The ANF Les Mureaux 110 and its derivatives were a family of all-metal military reconnaissance aircraft developed and produced by the French aircraft manufacturer ANF Les Mureaux.

It was designed in response to a requirement issued by the French air ministry. Introduced to service during the 1930s, in excess of two hundred aircraft were procured for the French Air Force to equip not just its frontline units but also to replace aircraft such as the Potez 25s from reserve units. Multiple variants were operated by the service, perhaps most noteworthy was the conversion of 40 aircraft to serve as dedicated night fighters. The family was in widespread usage at the start of the Second World War, and thus saw intense combat during the Battle of France. All remaining aircraft were scrapped in the aftermath of the armistice with Germany.

==Development==
The ANF Les Mureaux 110 originated with a French air ministry requirement for an aircraft to replace the Breguet 19 in Armée de l'Air service in the "R2" two-seat reconnaissance role. ANF Les Mureaux opted to produce a clean-sheet response to this requirement. It was during this design work that the firm developed a new technique for metal construction, it was promptly incorporated into the new long distance observation aircraft, which was later designated 111.

Two slightly different variants, the 110 and 111 were presented to the air force for evaluation, and were ordered into production soon thereafter. The first mass-production version was the 113 in 1933, of which 49 examples were purchased. This was supplanted in production by the 115 in 1935 and the 117 later than year. Both these series were given light bombing capability as well.

==Design==
The ANF Les Mureaux 111 was an all-metal, parasol-wing monoplane designed specifically for aerial reconnaissance. The pilot and observer were seated in tandem open cockpits; these cockpits were relatively spacious, permitting multiple styles of parachute to be carried by the pilot. While the pilot was provided with an adjustable seat, the observer's seat was entirely removable. To optimise for both crew visibility and aerodynamic characteristics, the selected cross section for the aircraft's fuselage was trapezoidal, having a shorter base down and flat sides while both the top and bottom were rounded.
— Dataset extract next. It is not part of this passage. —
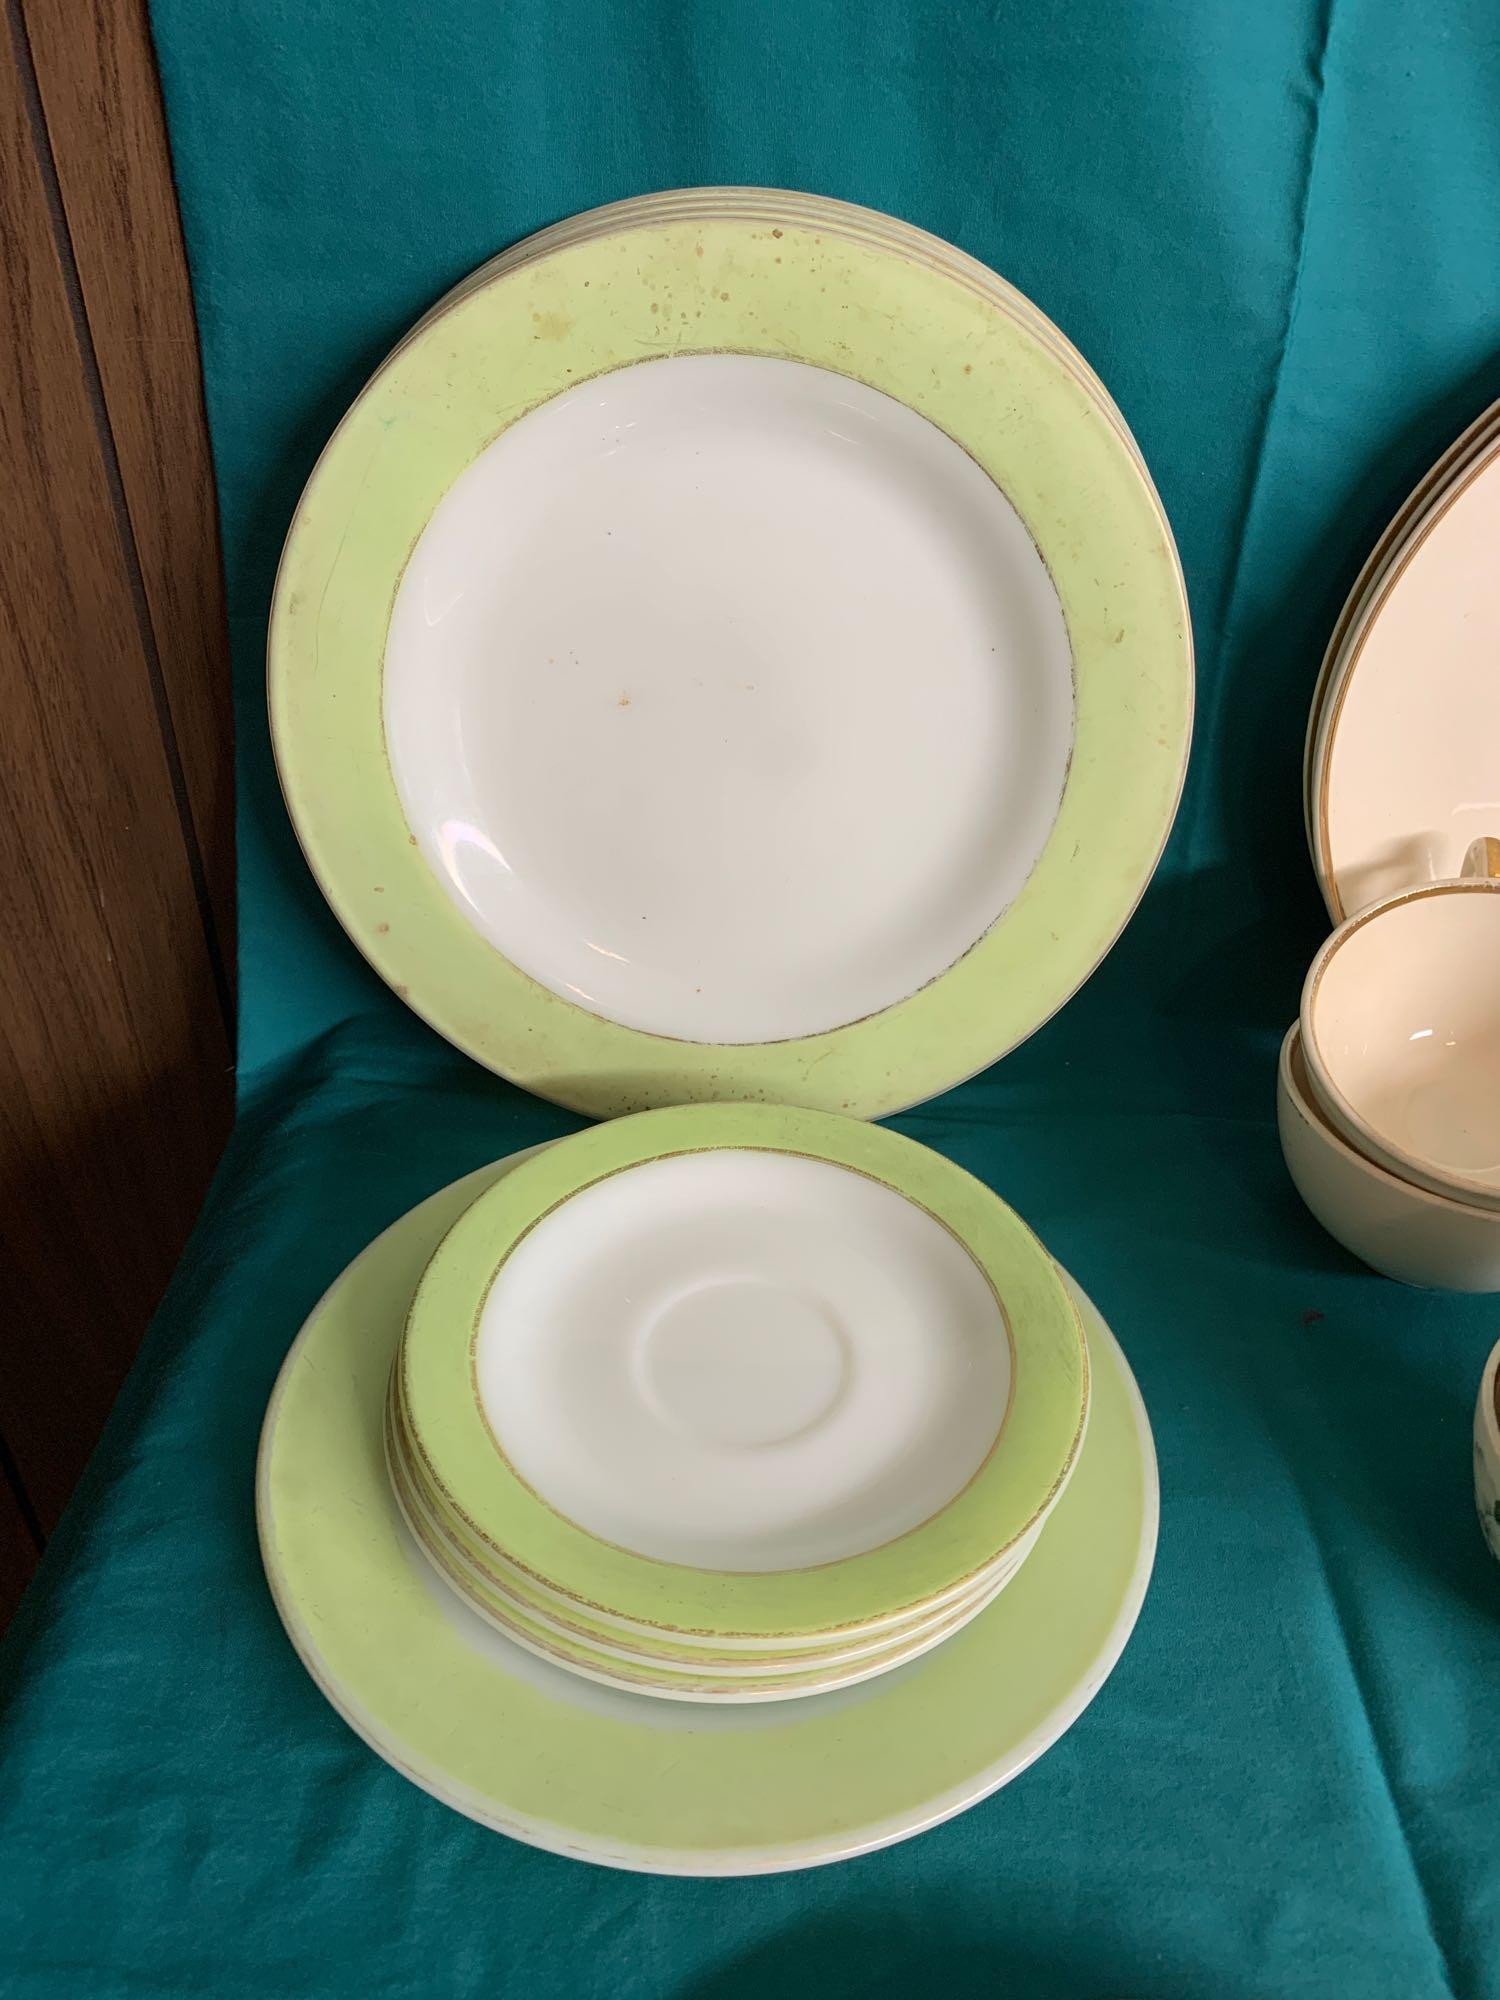 Sun_Valley MelMac Dishes, Prolon Dinnerware, & Pyrex Dishes

Being largely composed of metal, the fuselage covering comprised strips of duralumin that had a typical width of 20 to 30 cm (7.87 to ll.81 inches); these could be given flanged edges to permit their riveting together to form sheets. Occasionally, an alternative joining arrangement that used narrow angle pieces was harnessed instead. The structure of the aircraft consisted of both spars and longerons as the principal members, which were supported by an array of secondary spars and a channel section frame that were typically placed perpendicular to the covering strips to which they were riveted, changing them to closed sections best adapted to withstand local stresses. The rigidity of the covering was thus insured by the channel sections in one direction and either the strip flanges or angle sections in the other. The latter sections were continuous and only flattened to accommodate the passage of the channel sections that ran parallel to the spars. On both the top and bottom of the fuselage, the strips were placed transversely, which facilitated the use of a rounded form with the least preliminary shaping; however, the sides featured covering strips that were parallel to the longerons, where the number of channel sections was reduced.
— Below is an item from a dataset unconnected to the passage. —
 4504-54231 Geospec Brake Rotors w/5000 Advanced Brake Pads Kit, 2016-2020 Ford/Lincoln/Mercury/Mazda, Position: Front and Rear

The wing was constructed using similar principles to that of the fuselage; it was supported by a pair of tubular struts and the cabane. The internal structure featured two duralumin spars complete with a lightened web of sheet metal of 0 to 20 mm (0.4 to 0.8 in.) thick. These spars were of equal thickness to that of the wing with channel sections parallel to them, that were held in position by box crosspieces (instead of conventional ribs) at intervals of roughly one meter (39.37 inches). These crosspieces constituted a Warren girder, made up of channel sections, that supported 13 channel sections that ran parallel to the spars and were joined to the crosspieces using gussets. The covering strips were placed at right angles to the spars and were riveted to their flanges and to the channel sections, but not to the box crosspieces, to obtain torsional rigidity. The spars were braced against each other via a series of tubes present the plane of each flange.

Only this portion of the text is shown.